What lines in the records below contain the string "with"? Copy every one.

- _RECORDS FOR THIS TASK_:
* * * * * * *
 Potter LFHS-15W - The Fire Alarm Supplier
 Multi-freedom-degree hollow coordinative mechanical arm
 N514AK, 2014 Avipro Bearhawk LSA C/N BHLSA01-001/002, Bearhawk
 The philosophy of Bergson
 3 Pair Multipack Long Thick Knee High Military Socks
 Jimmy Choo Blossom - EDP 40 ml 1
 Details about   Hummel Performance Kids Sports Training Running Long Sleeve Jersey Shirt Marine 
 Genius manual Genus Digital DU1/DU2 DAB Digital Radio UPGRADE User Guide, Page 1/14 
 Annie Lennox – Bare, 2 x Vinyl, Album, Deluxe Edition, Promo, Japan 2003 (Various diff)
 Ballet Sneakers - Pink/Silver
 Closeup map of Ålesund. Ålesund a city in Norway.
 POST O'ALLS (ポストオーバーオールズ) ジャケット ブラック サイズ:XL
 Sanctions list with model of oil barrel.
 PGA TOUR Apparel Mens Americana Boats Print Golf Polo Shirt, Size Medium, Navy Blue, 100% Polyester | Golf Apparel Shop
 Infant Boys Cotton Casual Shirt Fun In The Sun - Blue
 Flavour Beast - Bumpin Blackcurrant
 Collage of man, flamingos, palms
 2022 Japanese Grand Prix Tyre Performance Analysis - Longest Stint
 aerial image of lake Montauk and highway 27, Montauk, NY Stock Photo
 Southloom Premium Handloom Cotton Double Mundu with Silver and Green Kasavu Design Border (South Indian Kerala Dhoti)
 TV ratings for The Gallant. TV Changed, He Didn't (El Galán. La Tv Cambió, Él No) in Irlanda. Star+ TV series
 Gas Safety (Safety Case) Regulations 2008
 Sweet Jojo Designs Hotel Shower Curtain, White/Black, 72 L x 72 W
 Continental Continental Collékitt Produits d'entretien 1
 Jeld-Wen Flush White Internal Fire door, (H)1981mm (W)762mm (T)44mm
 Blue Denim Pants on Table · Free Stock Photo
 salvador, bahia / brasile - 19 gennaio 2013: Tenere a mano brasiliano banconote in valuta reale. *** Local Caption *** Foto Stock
* * * * * * *
- _COMPLETED EXERCISE_:
 Sanctions list with model of oil barrel.
 Southloom Premium Handloom Cotton Double Mundu with Silver and Green Kasavu Design Border (South Indian Kerala Dhoti)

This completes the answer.